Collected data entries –
↓

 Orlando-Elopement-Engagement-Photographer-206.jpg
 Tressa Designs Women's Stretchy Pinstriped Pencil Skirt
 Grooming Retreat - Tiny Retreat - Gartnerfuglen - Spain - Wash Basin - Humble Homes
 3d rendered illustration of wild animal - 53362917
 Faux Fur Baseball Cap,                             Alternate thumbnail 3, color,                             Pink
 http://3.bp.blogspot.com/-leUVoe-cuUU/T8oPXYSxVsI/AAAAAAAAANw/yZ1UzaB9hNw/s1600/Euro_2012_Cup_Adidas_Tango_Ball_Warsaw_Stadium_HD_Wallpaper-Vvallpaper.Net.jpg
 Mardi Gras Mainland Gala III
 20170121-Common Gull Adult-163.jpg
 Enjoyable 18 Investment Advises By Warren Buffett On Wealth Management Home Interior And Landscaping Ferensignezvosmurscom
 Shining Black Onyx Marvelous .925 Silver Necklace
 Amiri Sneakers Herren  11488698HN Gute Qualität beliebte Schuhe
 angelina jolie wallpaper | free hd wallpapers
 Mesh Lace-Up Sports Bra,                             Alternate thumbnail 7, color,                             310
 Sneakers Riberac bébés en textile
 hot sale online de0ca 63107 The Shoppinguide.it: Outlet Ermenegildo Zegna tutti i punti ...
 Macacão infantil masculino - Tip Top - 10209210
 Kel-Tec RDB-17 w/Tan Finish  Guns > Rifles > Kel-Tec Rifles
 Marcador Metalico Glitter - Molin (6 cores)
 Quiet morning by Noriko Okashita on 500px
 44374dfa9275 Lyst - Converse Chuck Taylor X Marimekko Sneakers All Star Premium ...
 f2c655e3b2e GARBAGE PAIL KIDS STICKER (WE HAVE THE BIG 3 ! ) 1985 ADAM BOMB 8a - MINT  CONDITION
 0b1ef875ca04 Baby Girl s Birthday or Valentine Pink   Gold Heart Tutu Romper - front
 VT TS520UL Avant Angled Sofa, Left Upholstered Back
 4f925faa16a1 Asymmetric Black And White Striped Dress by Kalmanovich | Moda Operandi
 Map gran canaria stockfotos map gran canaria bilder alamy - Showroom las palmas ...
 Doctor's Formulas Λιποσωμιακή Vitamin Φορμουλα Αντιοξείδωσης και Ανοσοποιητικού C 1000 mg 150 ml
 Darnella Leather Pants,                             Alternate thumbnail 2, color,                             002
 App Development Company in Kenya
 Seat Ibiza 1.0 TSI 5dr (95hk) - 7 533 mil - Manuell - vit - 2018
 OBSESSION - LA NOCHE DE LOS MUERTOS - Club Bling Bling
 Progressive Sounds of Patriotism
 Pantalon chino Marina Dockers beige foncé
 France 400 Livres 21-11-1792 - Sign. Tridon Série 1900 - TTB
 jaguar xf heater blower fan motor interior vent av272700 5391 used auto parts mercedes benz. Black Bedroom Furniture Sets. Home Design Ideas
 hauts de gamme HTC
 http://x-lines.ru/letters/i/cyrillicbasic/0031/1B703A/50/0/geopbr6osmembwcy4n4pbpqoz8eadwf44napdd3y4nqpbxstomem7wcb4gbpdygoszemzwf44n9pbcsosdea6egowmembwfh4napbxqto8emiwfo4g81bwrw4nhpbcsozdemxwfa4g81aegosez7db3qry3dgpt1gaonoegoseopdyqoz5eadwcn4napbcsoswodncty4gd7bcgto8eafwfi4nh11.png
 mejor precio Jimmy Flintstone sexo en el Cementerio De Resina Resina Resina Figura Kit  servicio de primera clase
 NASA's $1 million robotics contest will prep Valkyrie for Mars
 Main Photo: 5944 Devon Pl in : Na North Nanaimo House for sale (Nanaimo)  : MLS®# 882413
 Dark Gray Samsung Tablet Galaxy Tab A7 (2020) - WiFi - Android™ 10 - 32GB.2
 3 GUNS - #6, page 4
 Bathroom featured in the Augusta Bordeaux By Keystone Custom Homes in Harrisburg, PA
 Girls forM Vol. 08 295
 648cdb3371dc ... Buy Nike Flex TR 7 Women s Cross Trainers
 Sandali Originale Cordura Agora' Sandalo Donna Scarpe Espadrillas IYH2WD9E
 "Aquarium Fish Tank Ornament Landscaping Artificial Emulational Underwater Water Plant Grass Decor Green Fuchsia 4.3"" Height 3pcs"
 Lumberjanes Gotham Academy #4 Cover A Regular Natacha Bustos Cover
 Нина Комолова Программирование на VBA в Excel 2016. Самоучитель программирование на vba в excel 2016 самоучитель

↑

What needs to be done –
Copy out the lines of the data where the string "Pink" occurs.

Answer section –
 Faux Fur Baseball Cap,                             Alternate thumbnail 3, color,                             Pink
 0b1ef875ca04 Baby Girl s Birthday or Valentine Pink   Gold Heart Tutu Romper - front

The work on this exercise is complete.